Failing Uphill

The elephant in the room is squatting in the house.

It’s something most people don’t like to talk about.

And rightfully so. Who wants to accept that the deck is stacked against them, or that their success is purely based on the fact that they were eased in -

Financially, socially, culturally.

The elephant is named nepotism, and it’s shitting over all of us.

Even those it benefits.

It is what it is. This ain’t a rant against anyone whose career was launched on the wings of some golden mound of poop. We all need to make our way in anyway we can.

This is a reminder to all of us climbing through the mudslide of disadvantage that there’s no other way to do it other than to keep climbing.

I know it’s hard. There are so many days when everything feels heavy. When every stroke on the keyboard is a Herculean task, each finger weighed down by thousand pound finger-traps that are biting you with the force of a rabid crocodiles.

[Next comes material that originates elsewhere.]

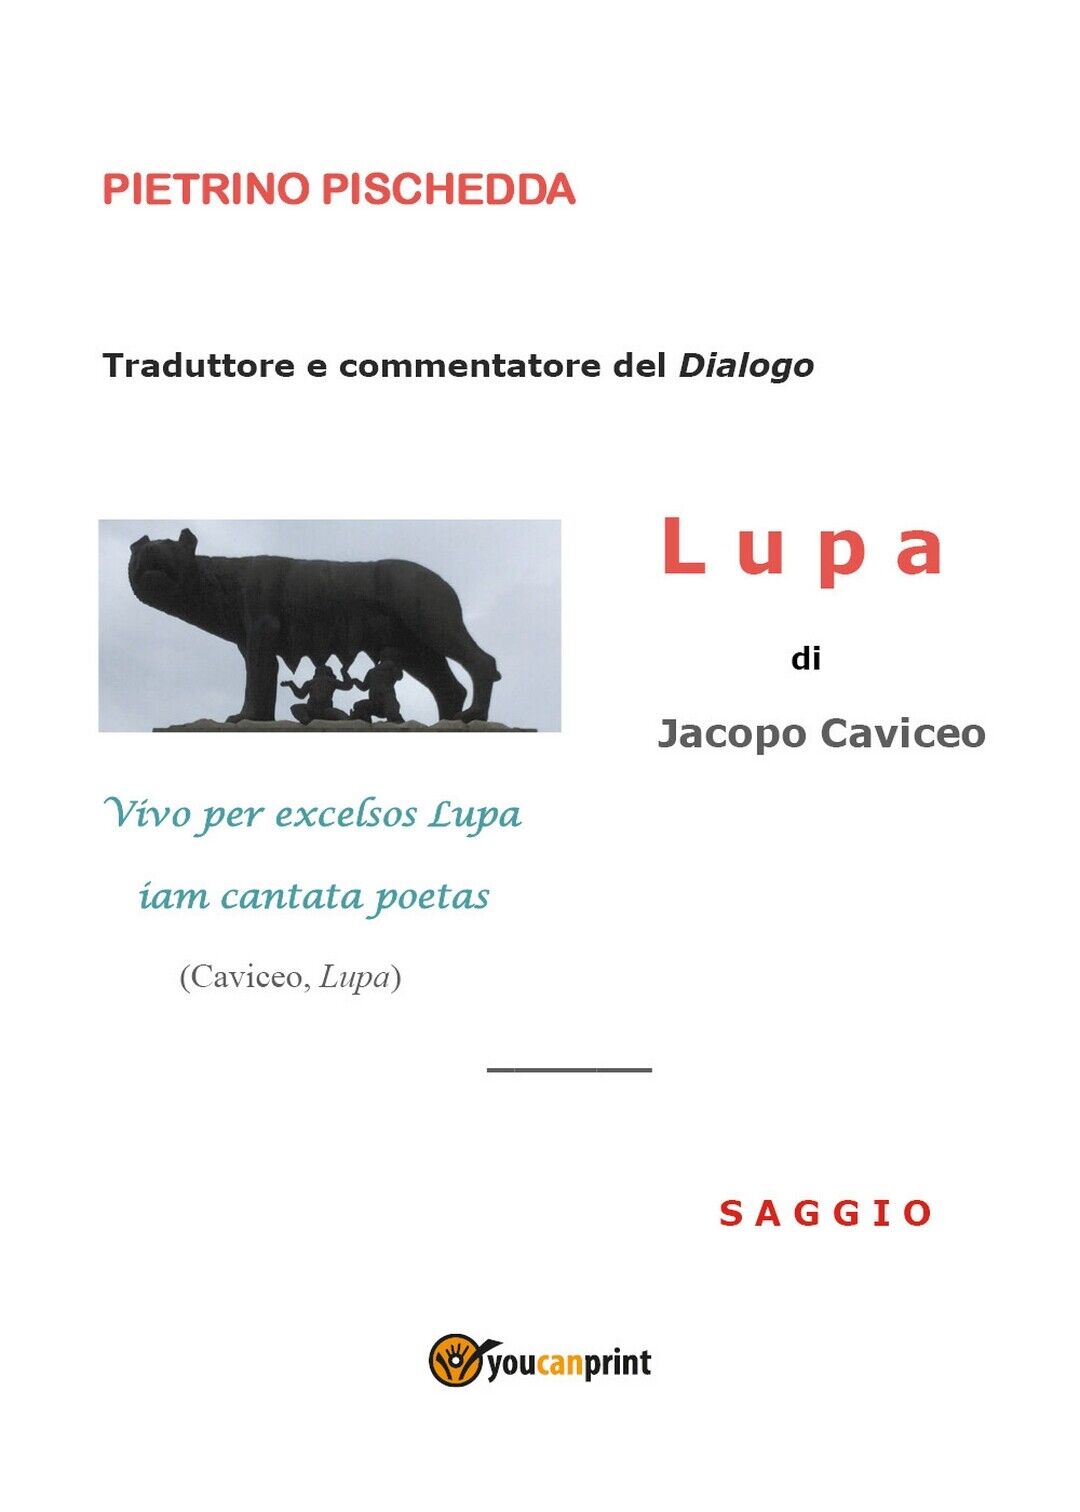 Lupa di Jacopo Caviceo - Saggio  di Pietrino Pischedda,  2018,  Youcanprint
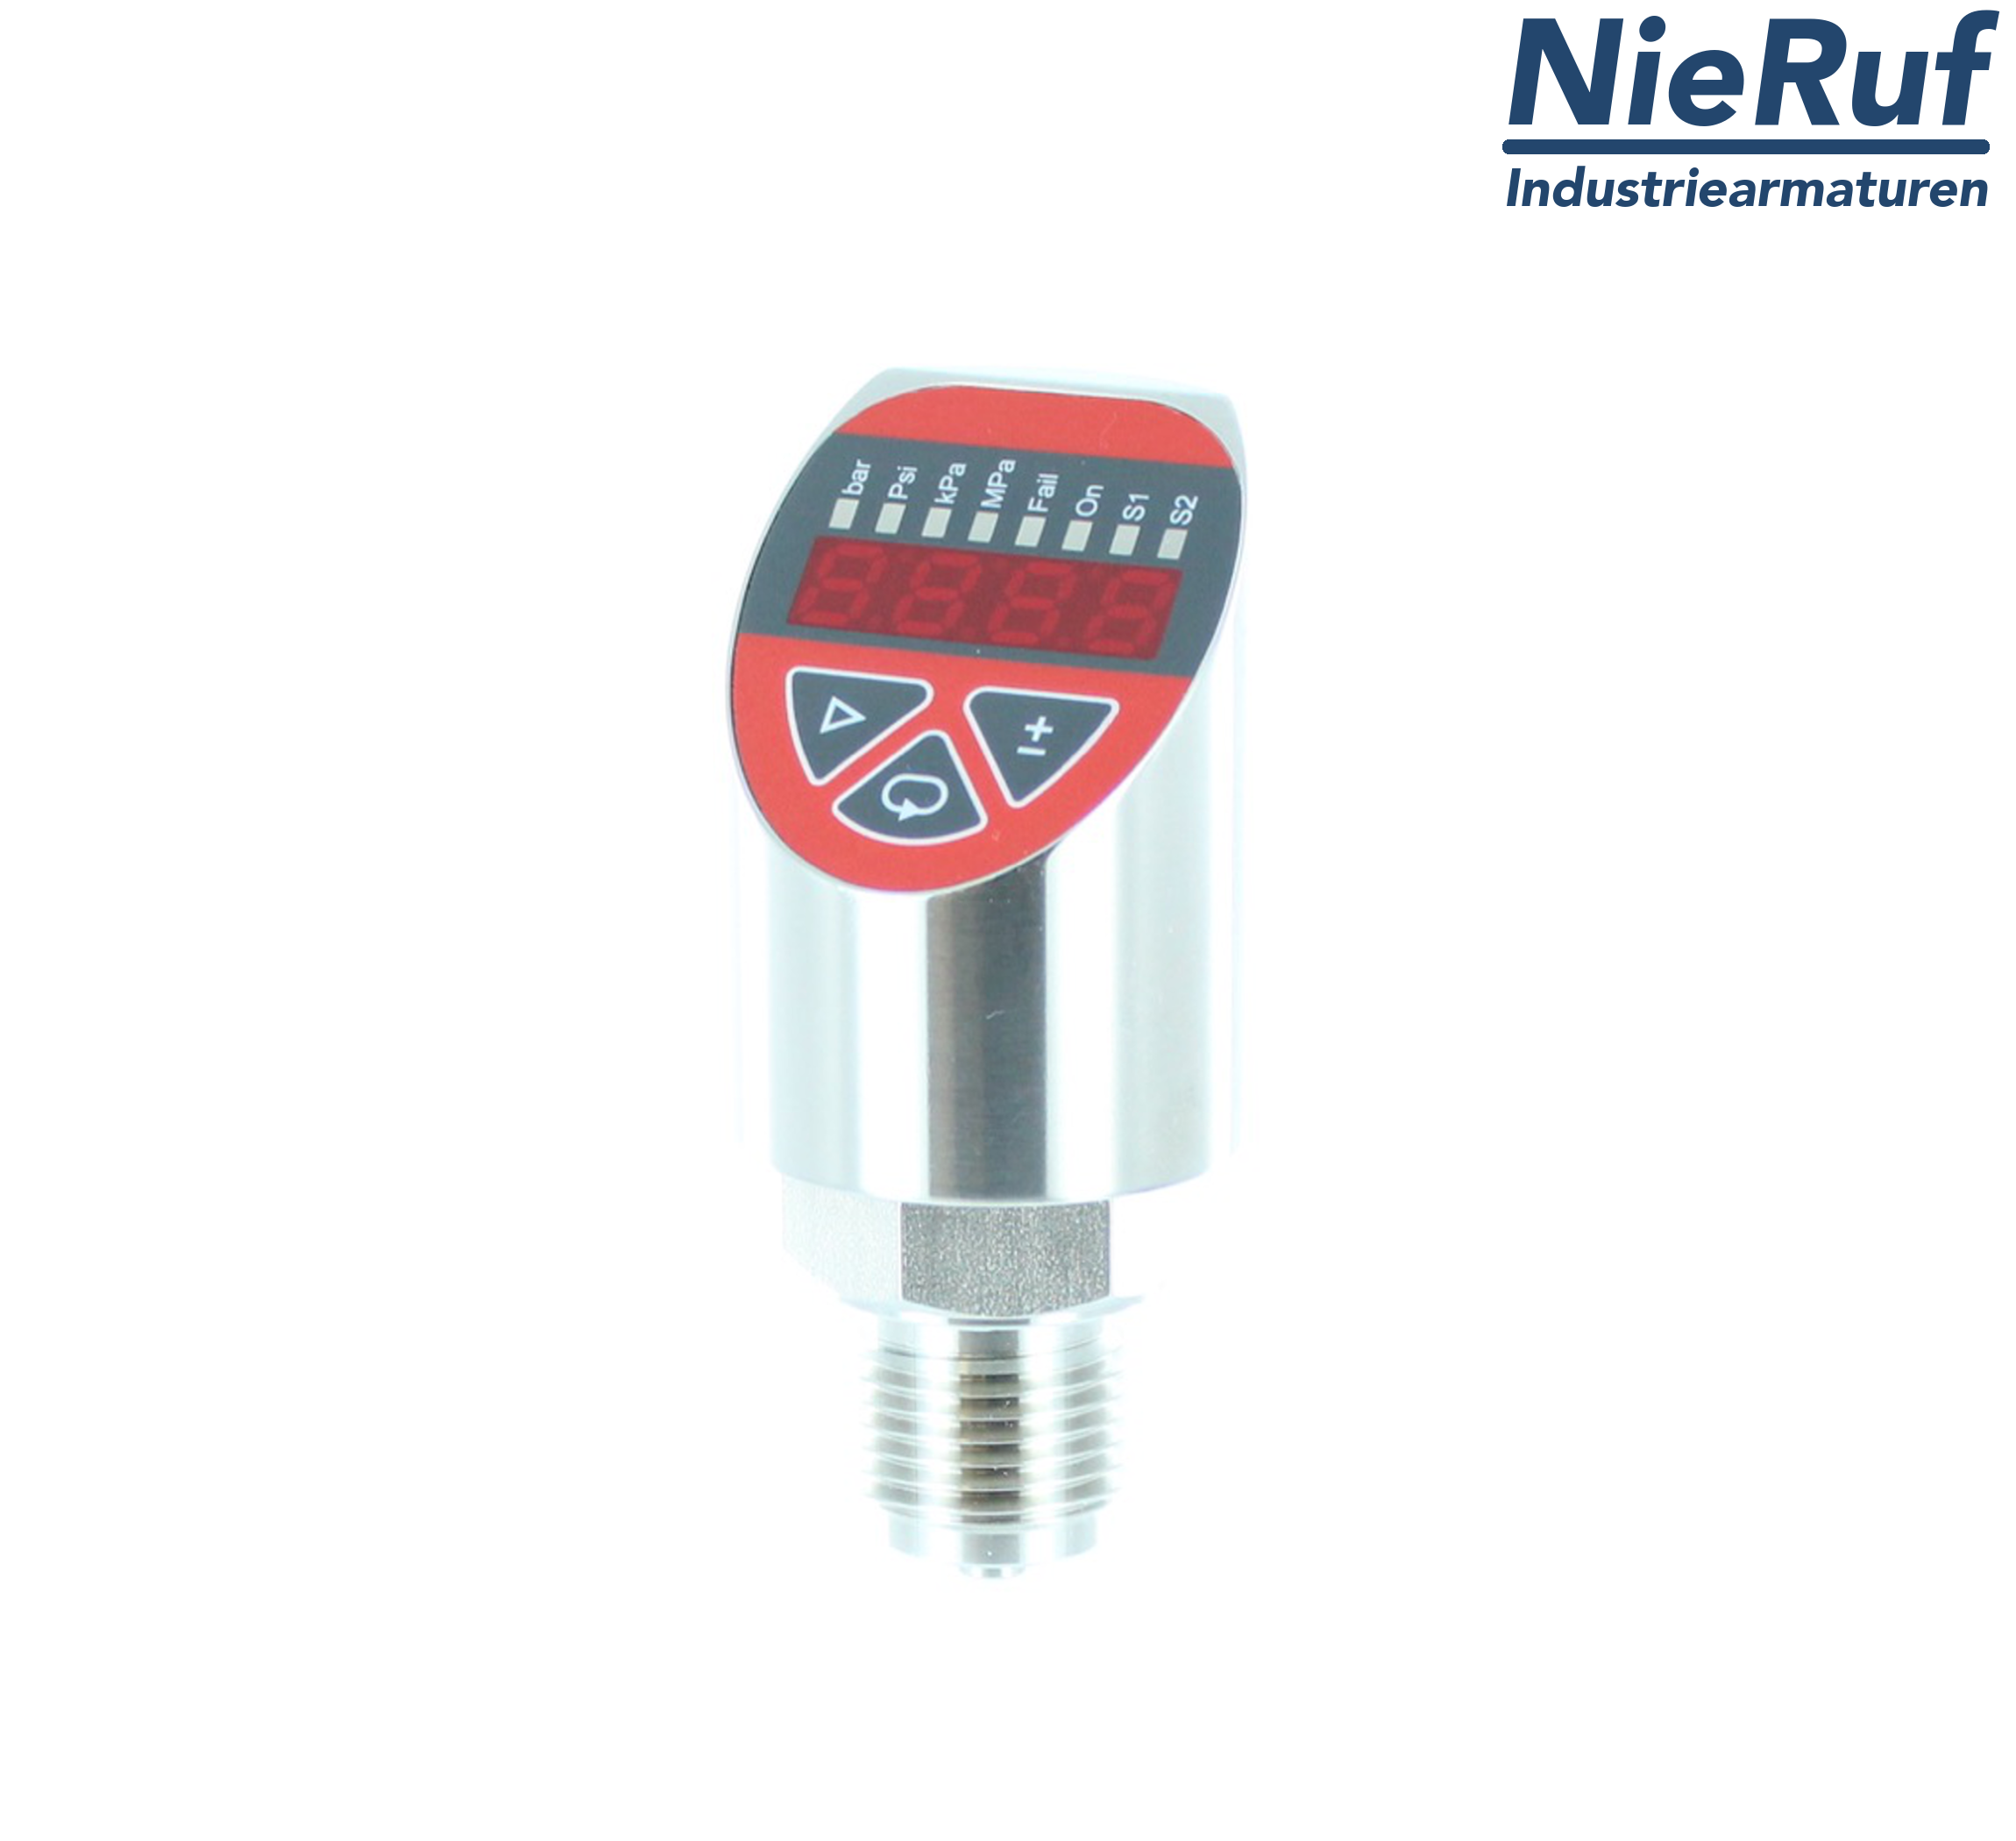 digital pressure sensor G 1/4" B 4-wire: 1xPNP, 1x4 - 20mA, Desina FPM 0,0 - 100,0 bar

But when that’s going down, you have two options: let them eat you, or make friends with them and ask them how you taste.

The former may be a release, but it also means all your dreams will never come true.

The latter is gonna hurt. It’s gonna hurt like the furnaces of hell. But if you can endure, you’ll come out stronger, better, and more beautiful than you can possibly imagine.

The worst part about all of this is you’re going to fail repeatedly on this climb. You’re going to slip and fall and tumble ass-backwards, sometimes even further down from the place where you started.

It sucks.

No other way around it.

But one day something is gonna hit.

And when that thing does, people are going to see the trail you cut through the avalanche of despair and follow you up it. And then they’ll look through your failed trails and follow those, too, because there’s wisdom is failure. There’s beauty. There’s will and wonder and all that lame shit.

You’ll reach the top and find that amazing view is actually something you created.

I know - some people really don’t deserve what they got. But you can’t change that. All you can change is your fortitude. And you can do it. See that mountain? It’s there for you to climb.

A Cage Made of Shadows

It’s a monster you cannot see.

Seeping through the crevices of your life to invade your senses and corrupt your sensibilities. It molds its corrupted form over your thoughts, feelings, and emotions and contorts them into lies you cannot help but believe.

That’s how depression works. That’s what’s so insidious about it. It comes as poison cloaked as truth. It likens itself to wisdom, when in reality it’s a blanket made from knives. There’s no truth or comfort in its machinations. Only a prison of pain.

Of course try recognizing this when you’re tangled in depression’s thorns.

But that’s exactly what you need to do.

When you’re caught up in the big lie, the first and most important step is calling it out. Staring it straight in the face and letting it know that you know exactly what it is. This ain’t a cure-all. You won’t magically feel better. But it’s the first step in releasing yourself from depression’s grip. Staring it in the eye helps you to recognize that, for all its dreadful power, depression is in truth a mirage. An illusion with teeth. A darkness lying to itself so to make you believe its lie.

This ain’t easy. Nothing about it is easy. It takes everything to combat this false dragon. But combat it you must. And in order to do that, you must - you must - face it head on and know it for the liar that it is.